> **Exercise directions**
Could you repeat all of the entries below word for word, apart from the pictures?

_ _ _ _ _ _ _

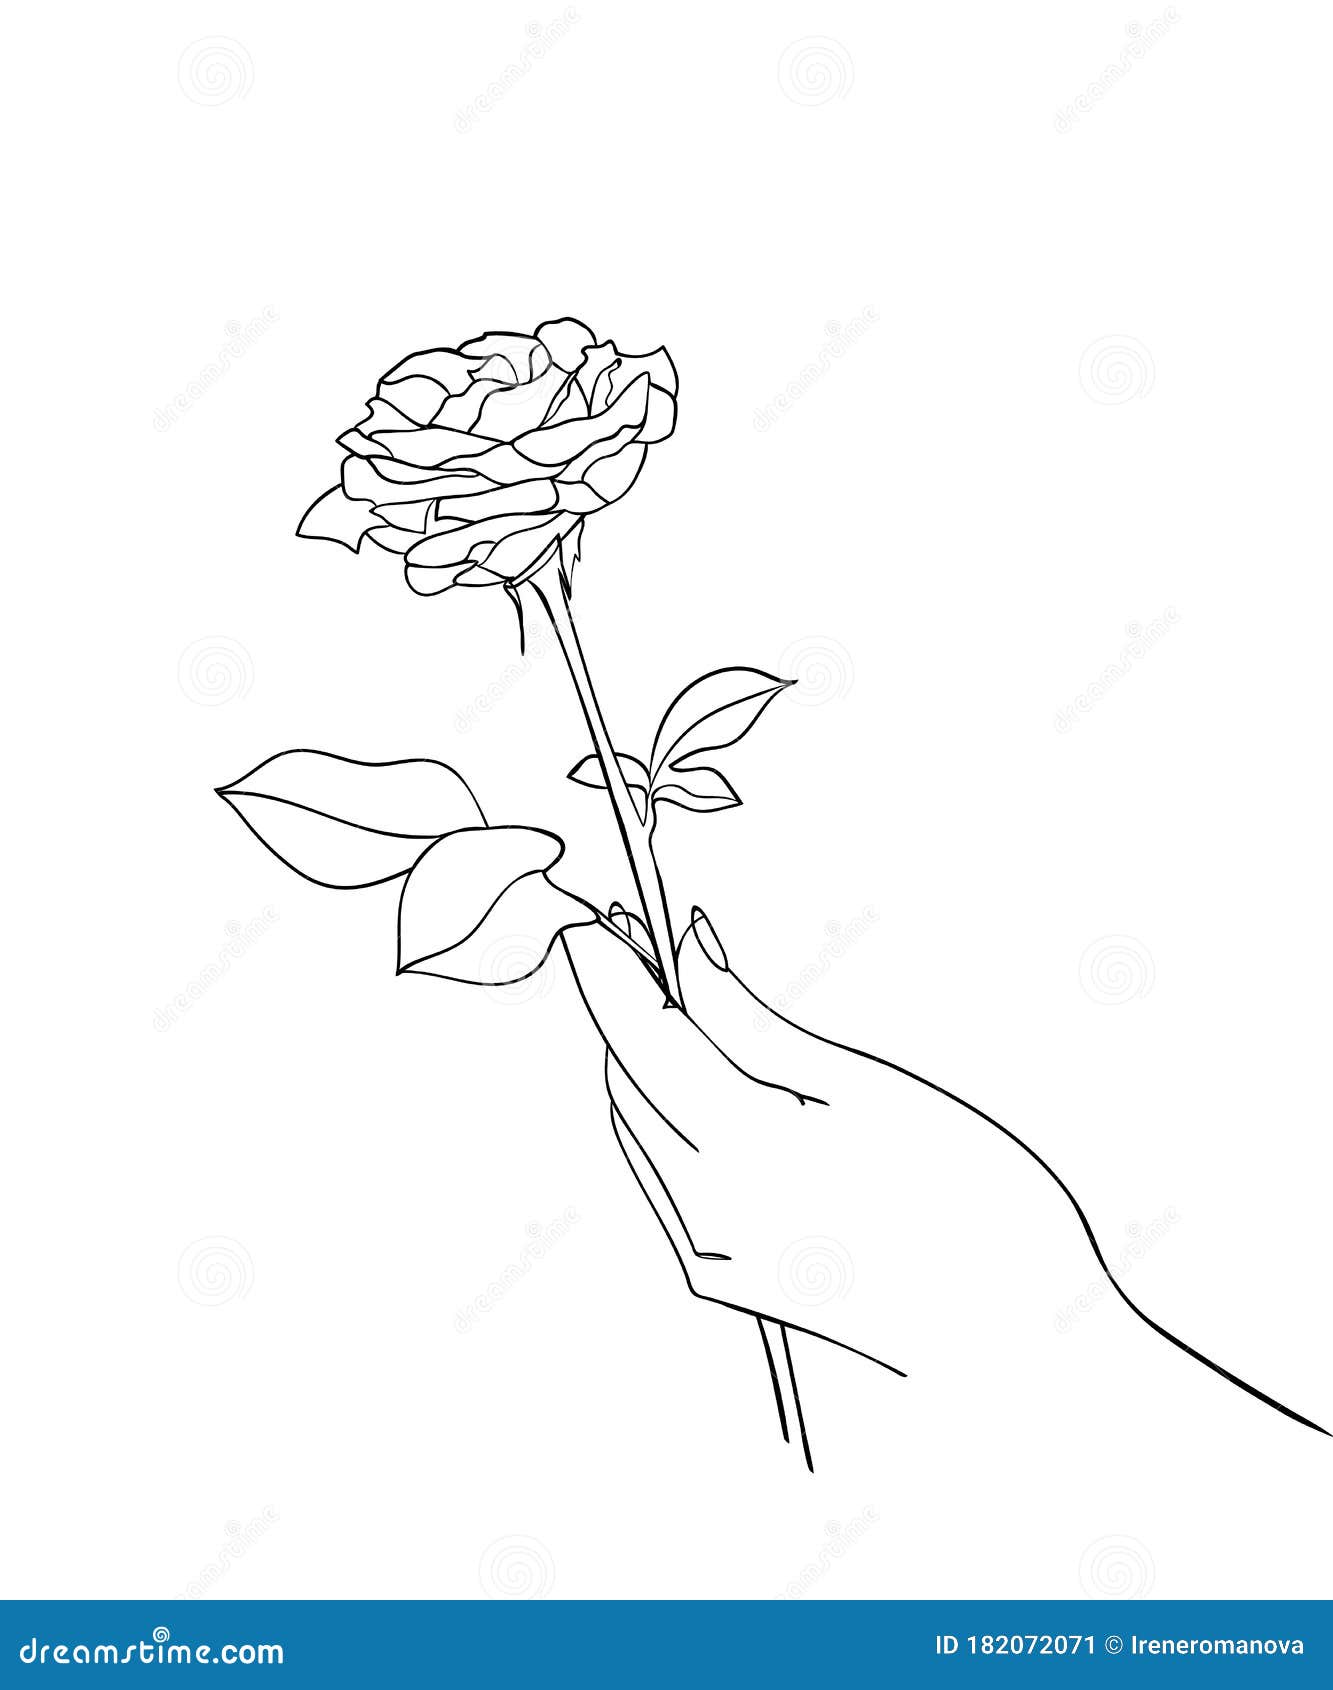 Drawings Of Hands Holding Flowers 53 000 vectors stock photos psd files
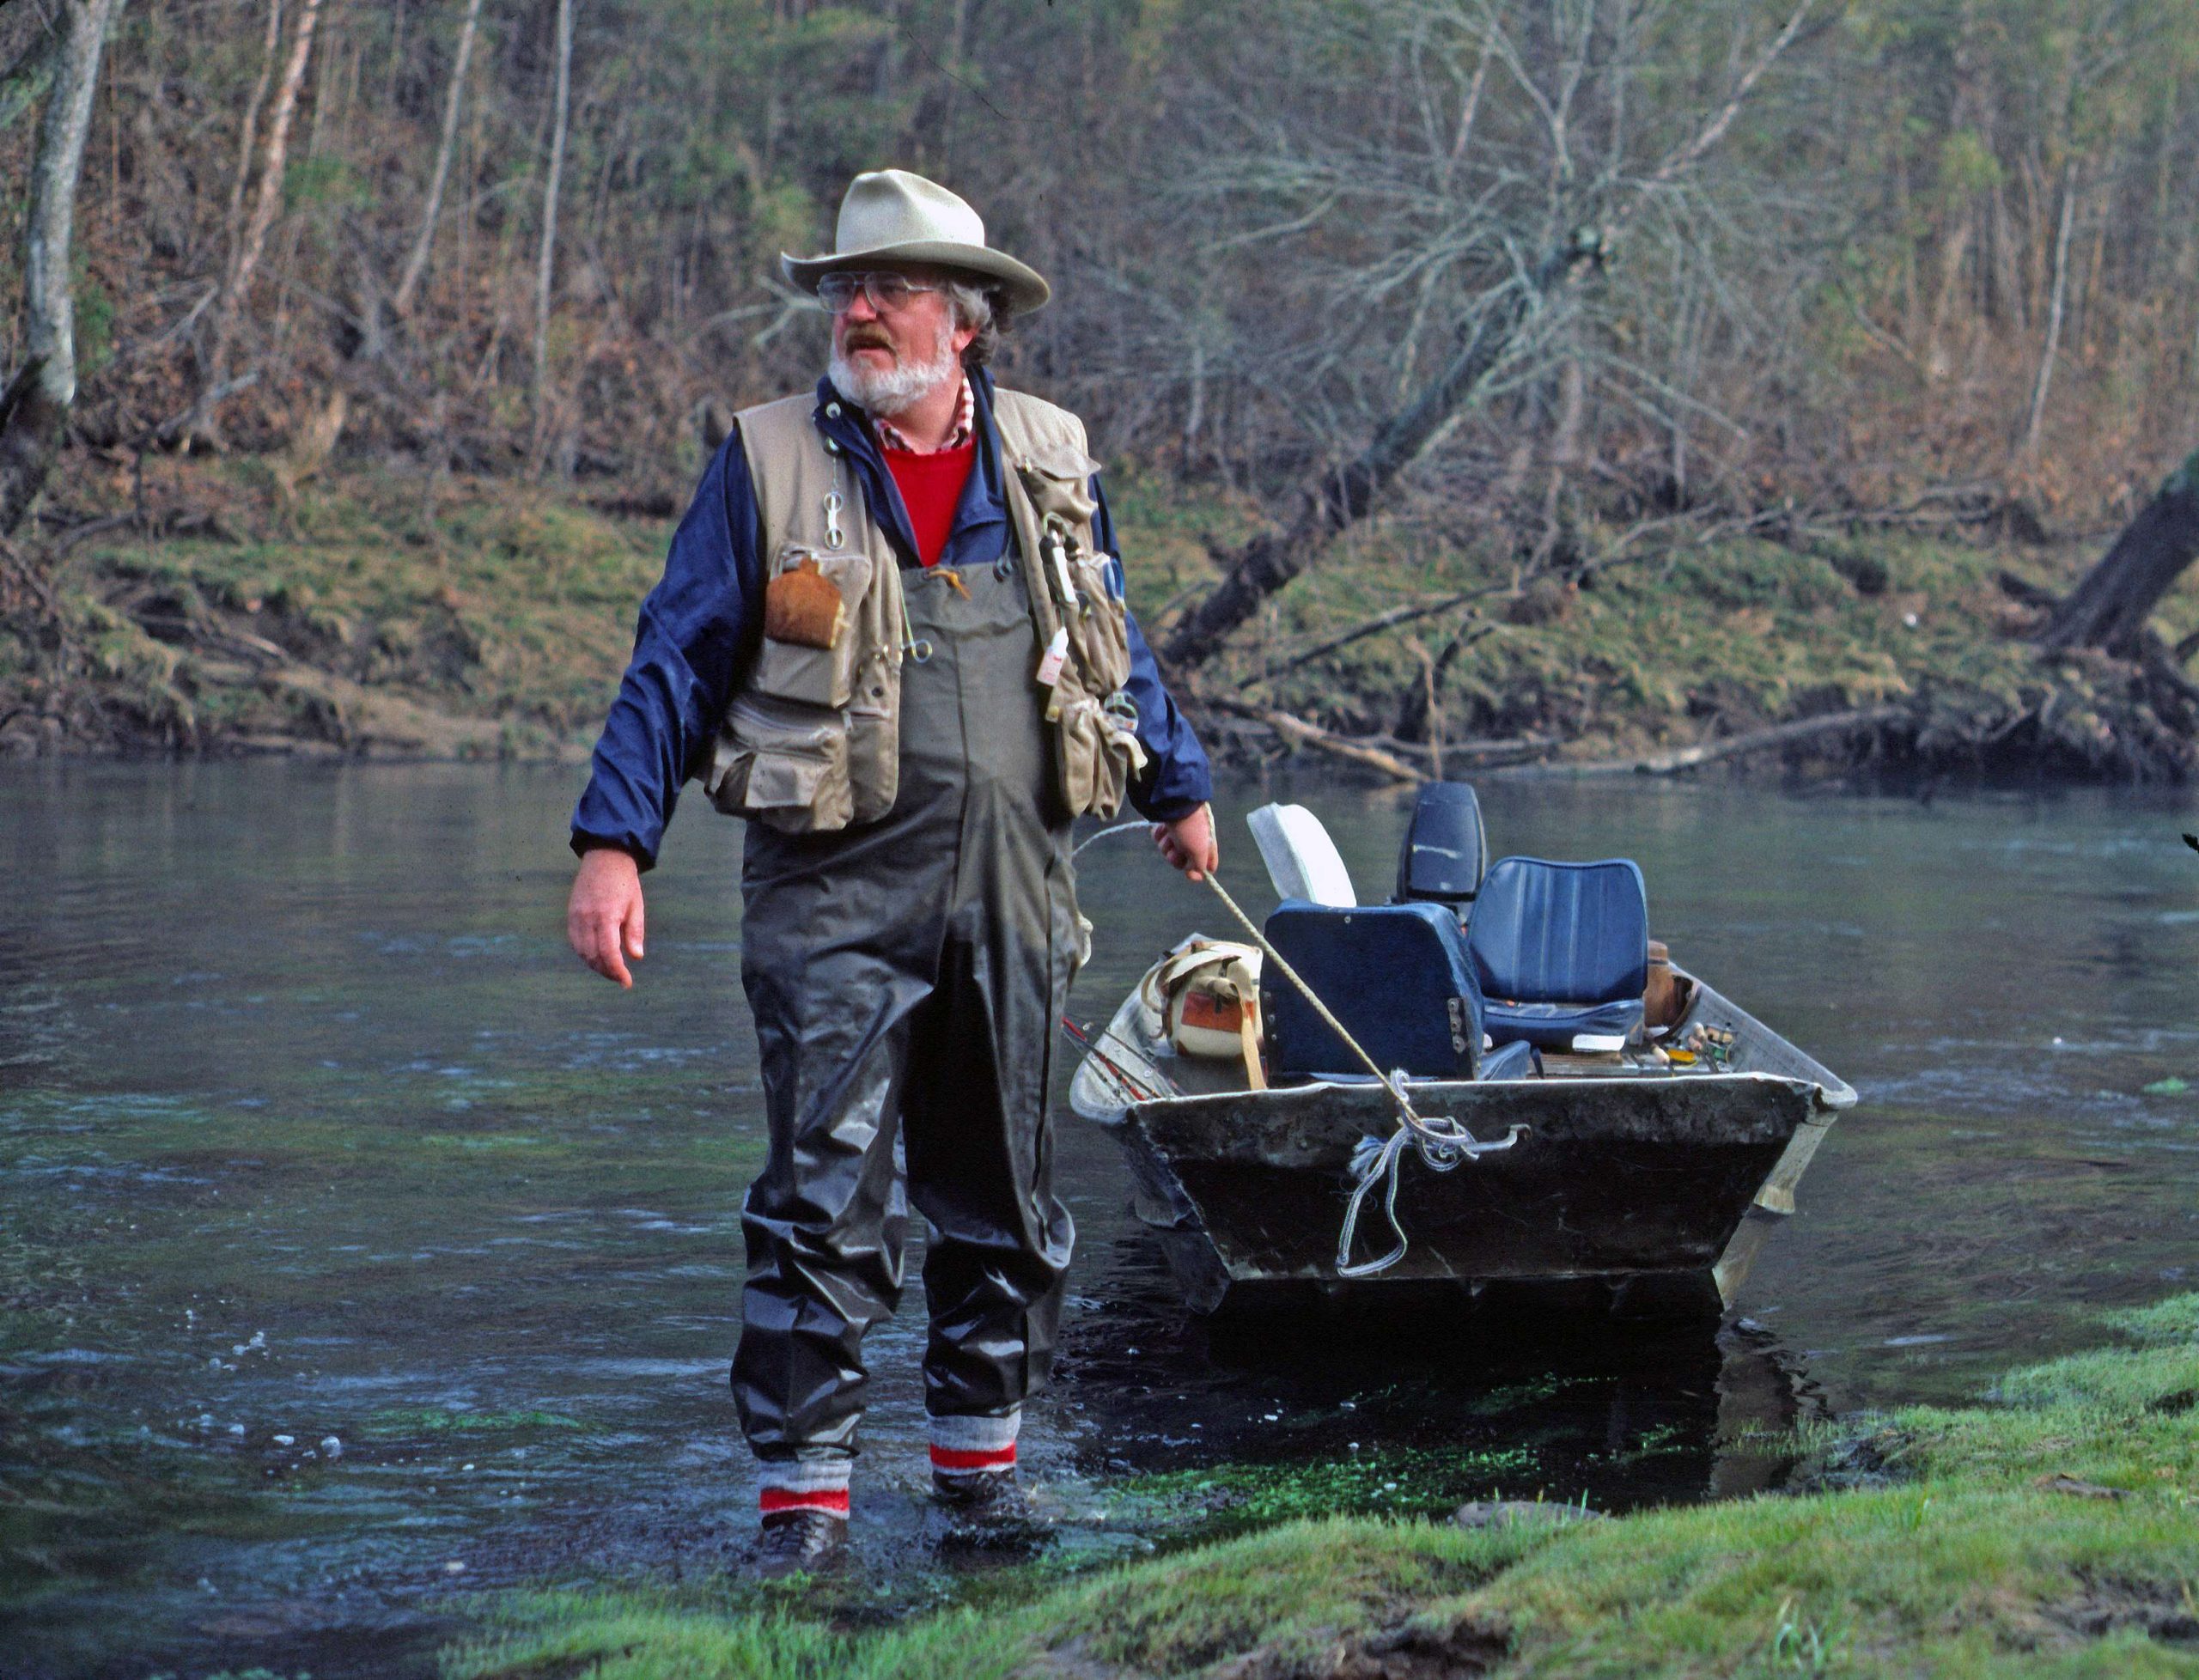 Cliff Shelby, who brought the characters of <em>Bassmaster</em> Magazineâs Harry âNâ Charlie humor feature to life through his artwork, has died. Shelby lived with his wife, Karen, in Maumelle, Ark. Karen was by his side when he died Saturday, Jan. 21. He was 75 years old.
<p>
A talented artist who could wield a paint brush as well as he could a fly rod or flippinâ stick, Shelby was an icon in outdoors journalism and very active in outdoor media organizations.
<p>
Some of his artwork is showcased in this photo gallery. <a href=http://www.bassmaster.com/news/harry-n-charlie-artist-cliff-shelby-dies-75 target=

_ _ _ _ _ _ _

> **Solution to the exercise**
 Drawings Of Hands Holding Flowers 53 000 vectors stock photos psd files
 Cliff Shelby, who brought the characters of <em>Bassmaster</em> Magazineâs Harry âNâ Charlie humor feature to life through his artwork, has died. Shelby lived with his wife, Karen, in Maumelle, Ark. Karen was by his side when he died Saturday, Jan. 21. He was 75 years old.
<p>
A talented artist who could wield a paint brush as well as he could a fly rod or flippinâ stick, Shelby was an icon in outdoors journalism and very active in outdoor media organizations.
<p>
Some of his artwork is showcased in this photo gallery. <a href=http://www.bassmaster.com/news/harry-n-charlie-artist-cliff-shelby-dies-75 target=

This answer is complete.